Looted by Nazis, Then Restituted, Two Old Master Paintings Head to Auction
An upcoming Christie's sale features two 17th century Dutch works tied up in WWII
On July 8, Christie’s will hold an Old Masters Evening Sale, covering several centuries’ worth of art history and featuring works by Sir Anthony van Dyck and Bernardo Bellotto. The history documented in these paintings and the role they play in art history itself is critically important, to be sure, but that’s not the only history at work here. As a new article by Angelica Villa at ARTnews points out, two of the paintings up for sale were restored to their original owners after an investigation into wartime looting by the Nazis.
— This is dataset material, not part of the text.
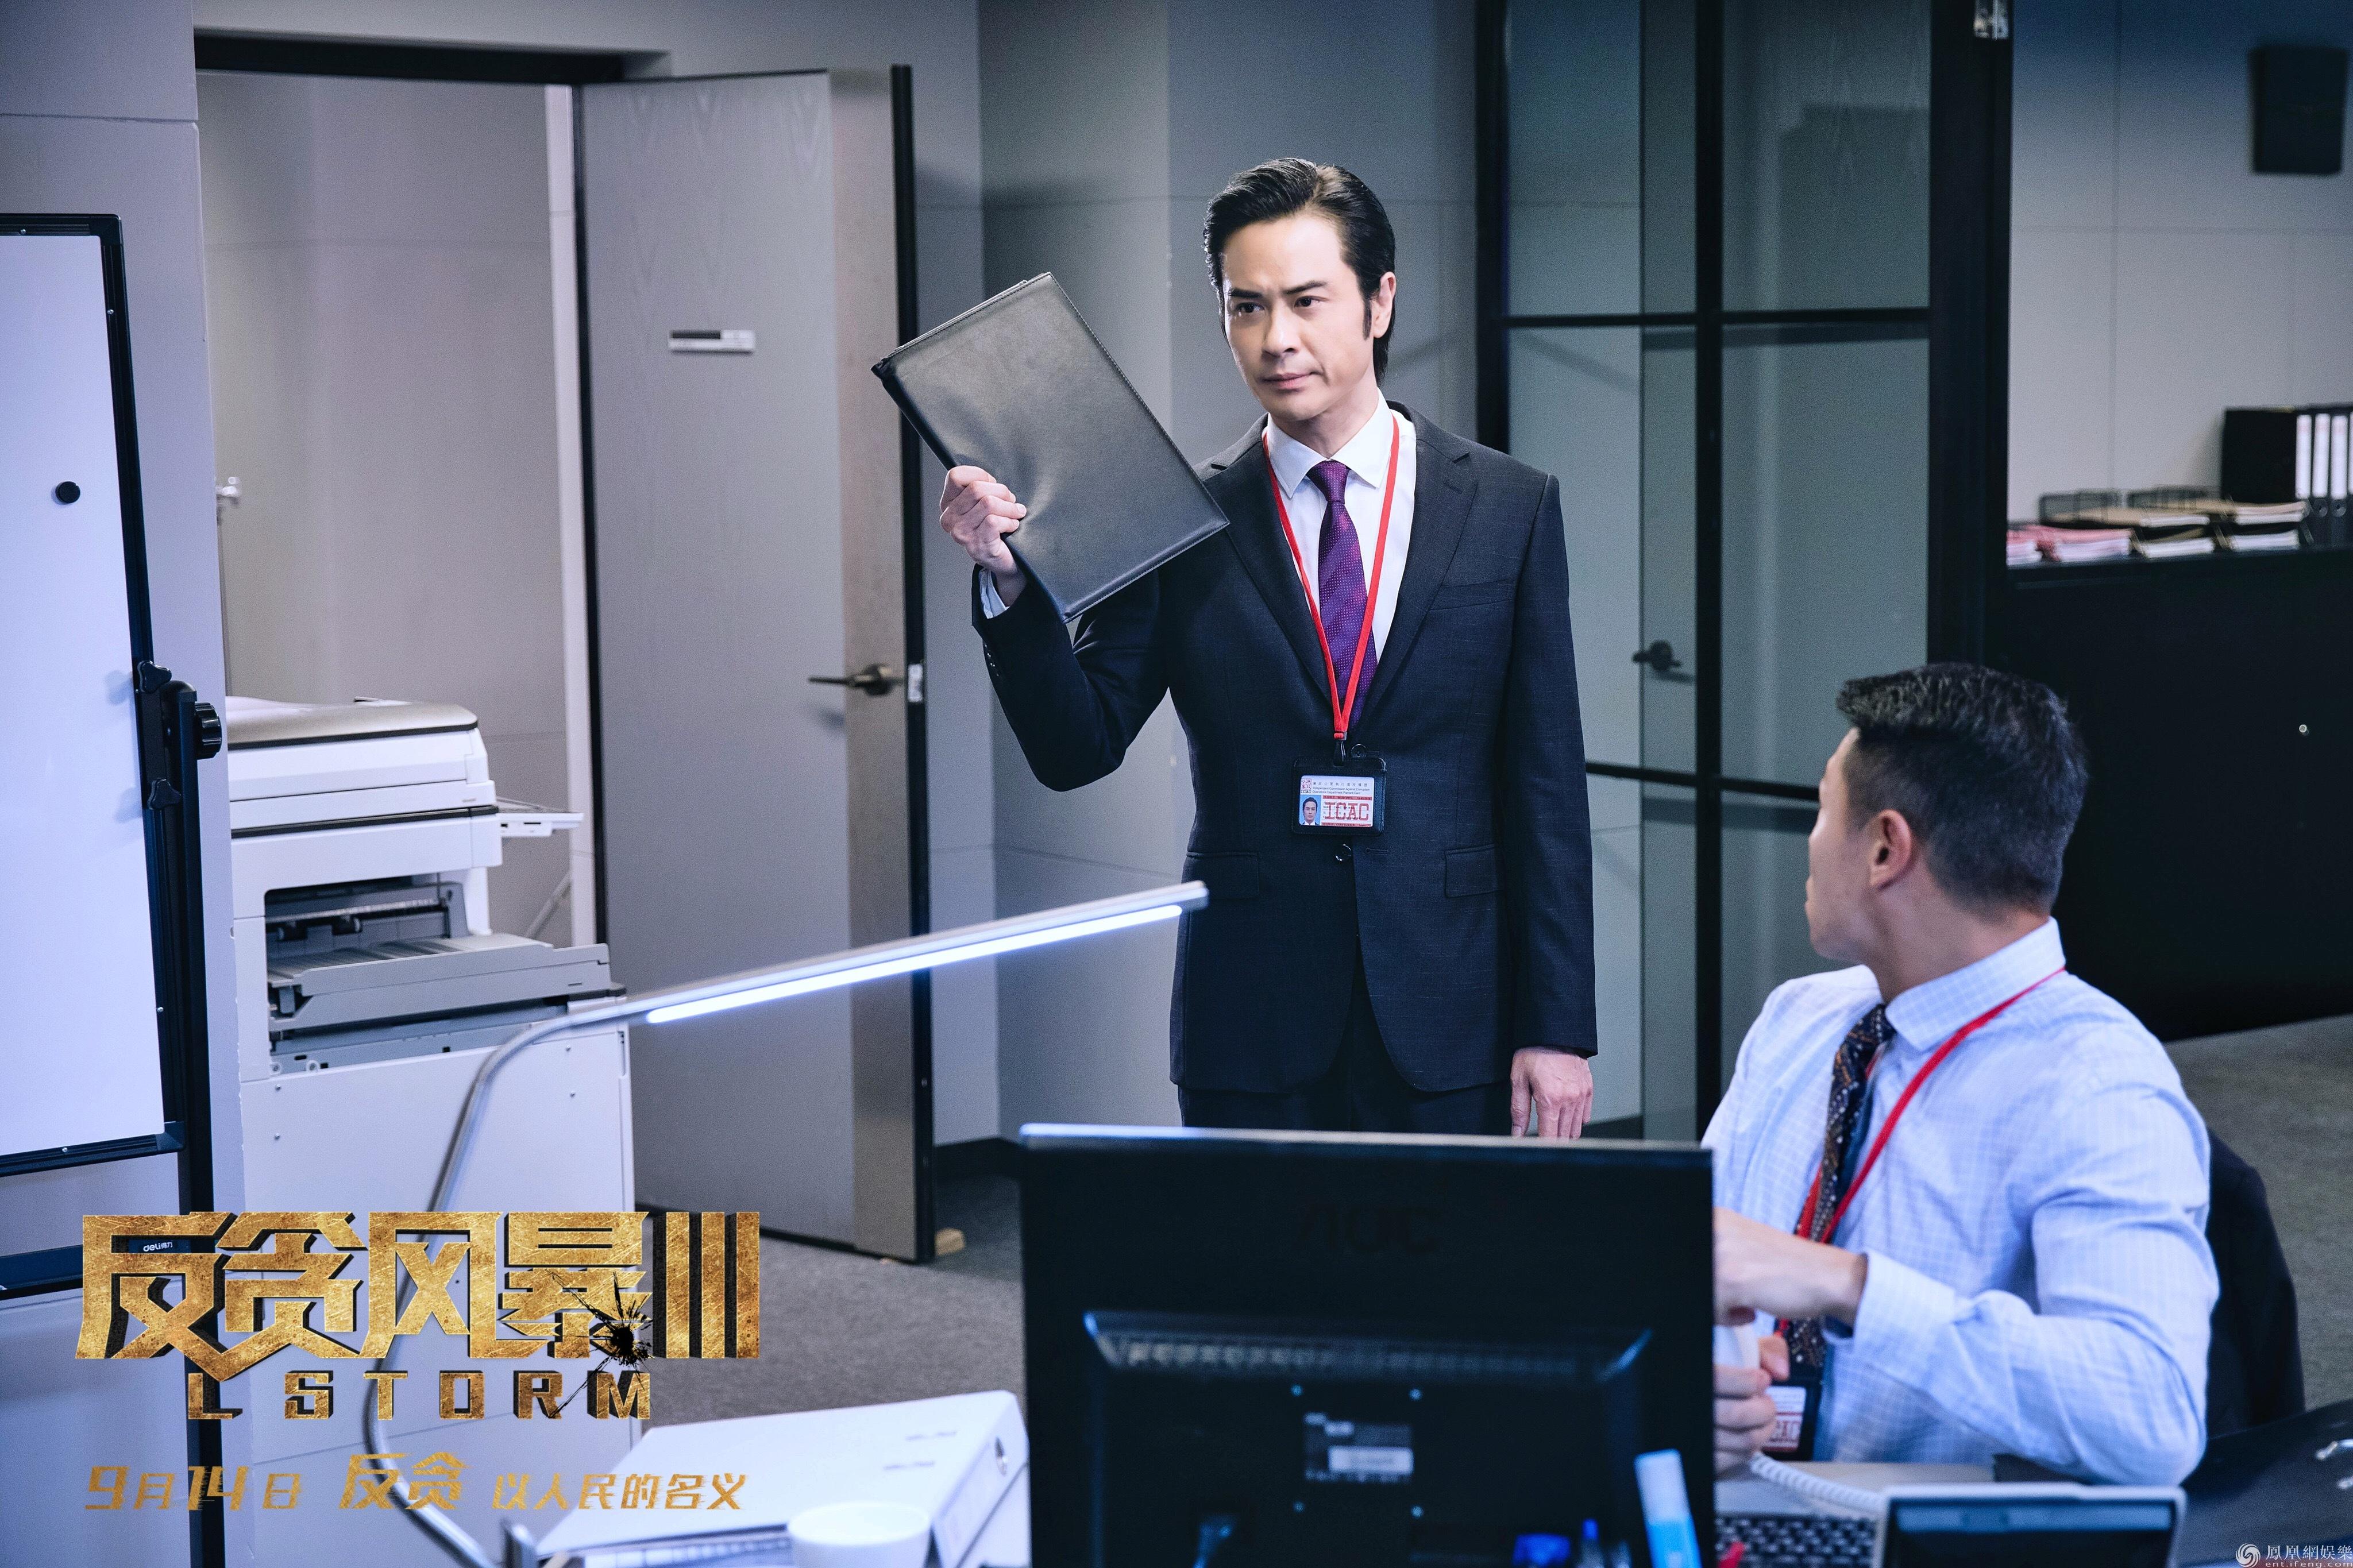 《反贪风暴3》热映单日票房登顶 古天乐为戏敬业

The paintings in question are Jan Davidsz. de Heem’s Banquet Scene with Musicians and Shuffle Board Players and Dirk Hals and Dirck van Delen’s A Merry Company in a palatial interior. According to the article, the two paintings together should fetch a price between $5.2 million and $8.5 million.
“The works’ original owner, Jacob Lierens, lived in Amsterdam and … was forced to sell his collection at [a] 1941 auction in Amsterdam, when the city was under Nazi occupation,” Villa wrote. “In 1943, Lierens and his wife, Johanna, were arrested and detained in the Westerbork transit camp in northeastern Netherlands. They were later released in exchange for payment and went into hiding.”
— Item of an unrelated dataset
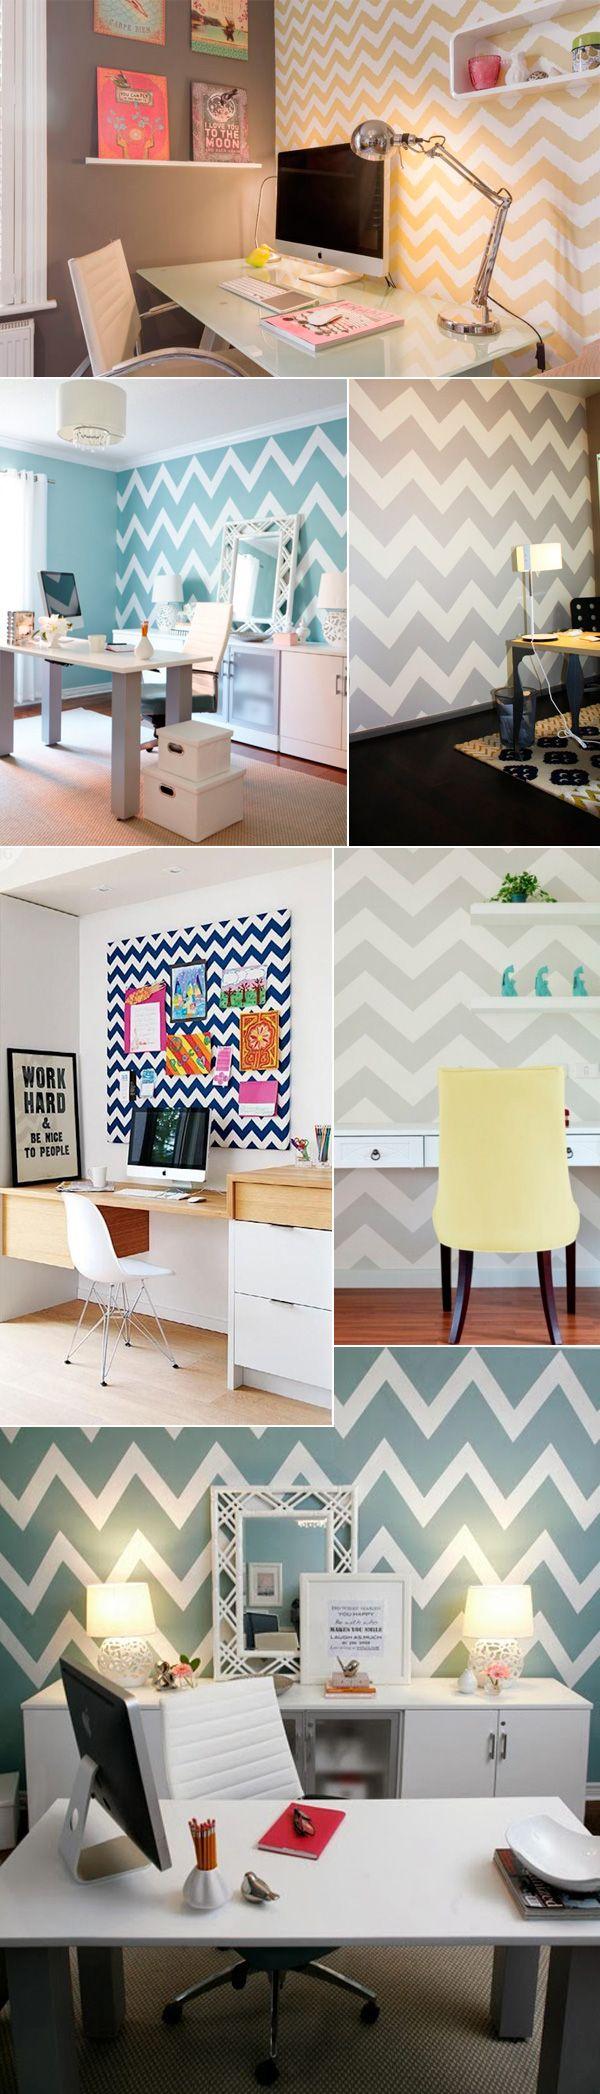 Superbe Decoração Home Office Com Papel De Parede Chevron Zig Zag Colorido. Mais

Instead of ending up in a museum of looted art planned by Adolf Hitler, they were recovered by the Monuments Men and placed in care of the Dutch government. Decades later, a committee recommended that the paintings be returned to the Lierens family. In 2019, this restitution took place.
And now, there’s a new chapter dawning for the works in question, after almost a century of movement related to one of the bleakest periods of world history.